The 1990's were known for plenty of things. The fall of the Soviet Union. The dot-com bubble. Yikes! pencils. But it was also the golden decade for Mario and Sonic, the two most successful mascots in the history of videogames. And just like real royalty, there was no shortage of inbred wannabes squabbling for their throne. Here are the lamest videogame mascots in history.

10. Crash Bandicoot (1996-present)


OK, calm down. I'm not saying Crash Bandicoot is a bad game. Let's just set that issue aside for a minute and examine Mr. Bandicoot as a character. Crash didn't come around until '96, years after the attitude-plus-species naming convention went out of style. Even still, Crash was an exercise in pandering. Sony wanted their own flagship character to compete with Mario, but didn't have a mascot. So they bought a field guide of Tasmanian mammals and thumbed through it, briefly toying with "Willie the Wombat," before settling on a "bandicoot." Now that's an animal that sounds like it can skateboard!

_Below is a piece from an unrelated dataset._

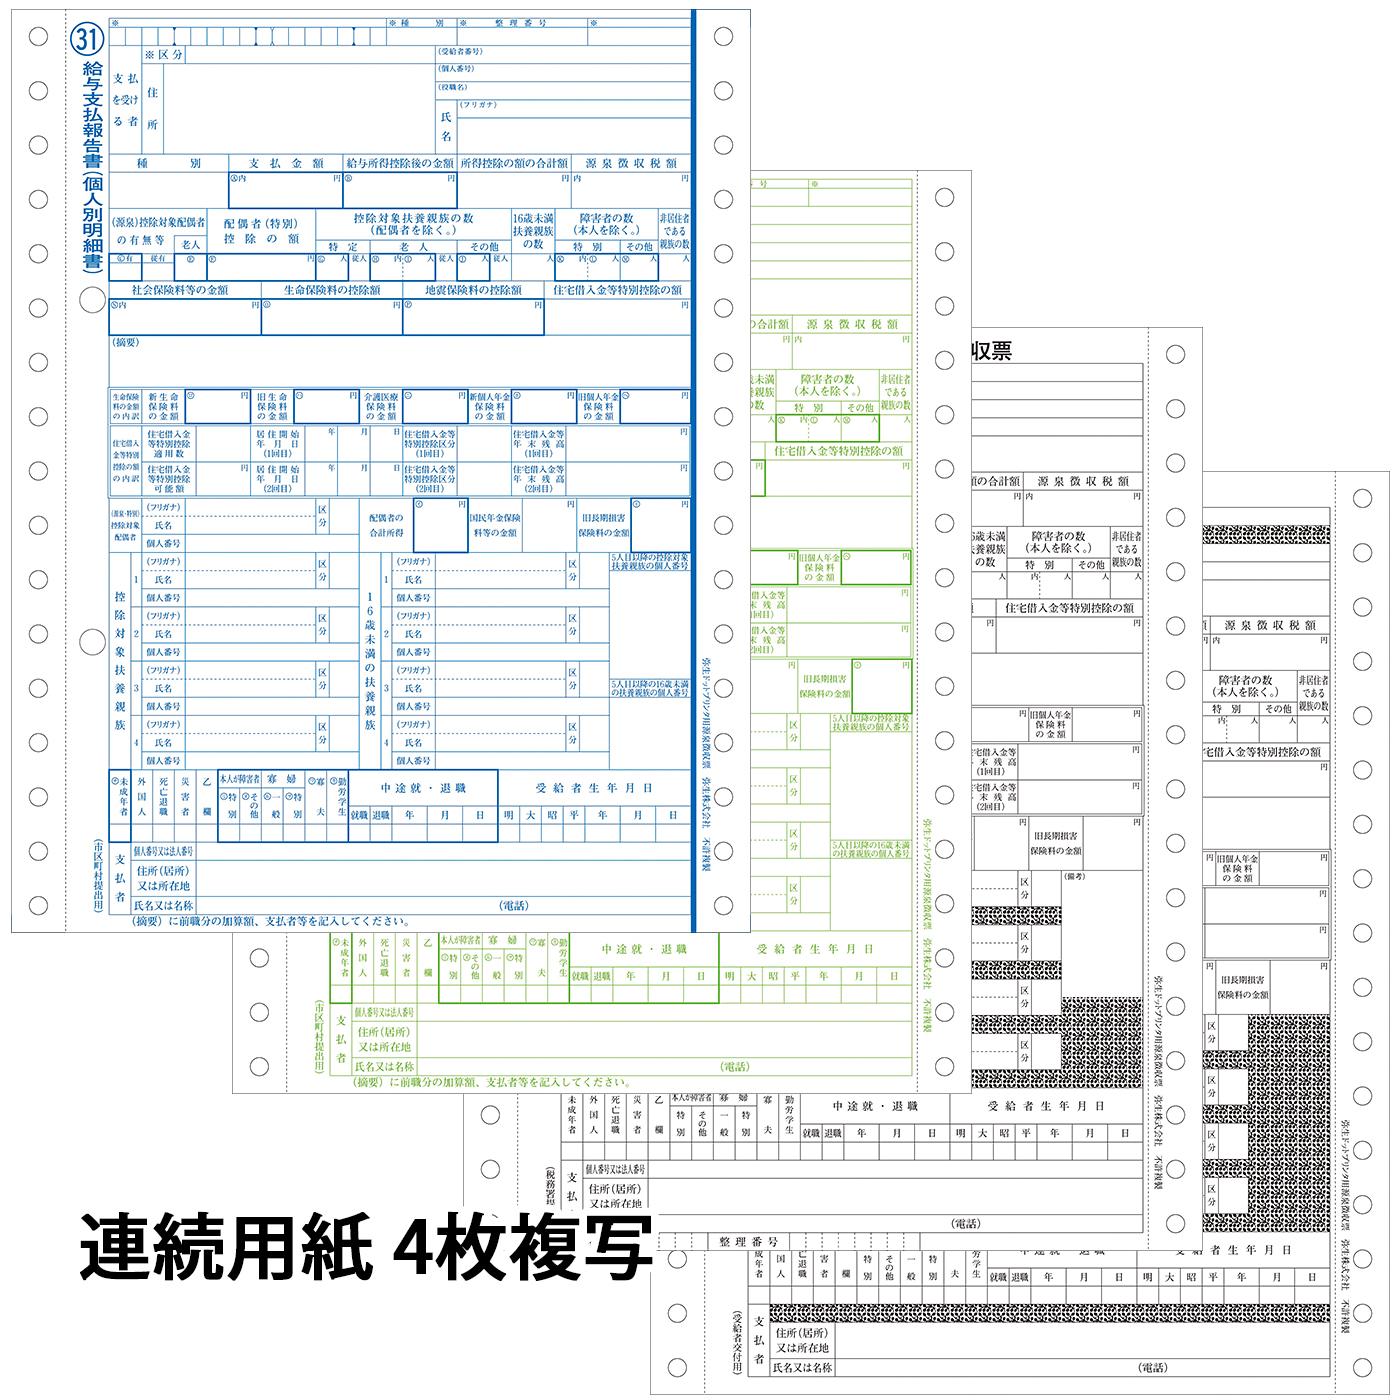 弥生H30源泉徴収票_連続
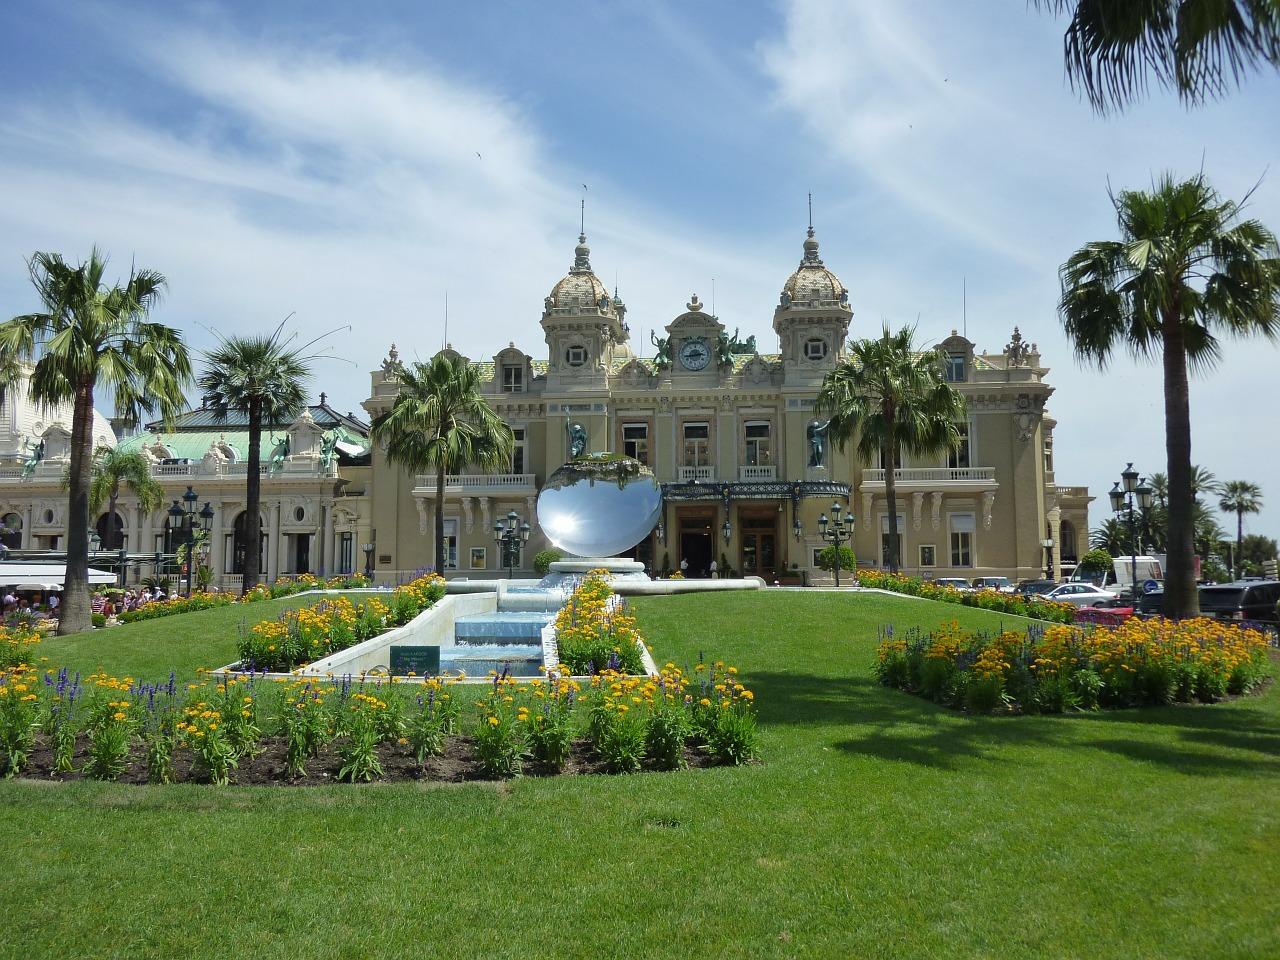 Monaco's Monte Carlo Casino

Honestly, they could have picked anything because Crash is based on design constraints, not anything that exists in real life. He's orange because that color shows up well on TVs. He doesn't have a neck because the Playstation couldn't handle necks. What we ended up with is a character that looks how Bobcat Goldthwait sounds. Luckily, Crash barely talks. That, along with good gameplay and fun levels, saved Crash from competing with Bubsy 3D for most annoying platformer of 1996.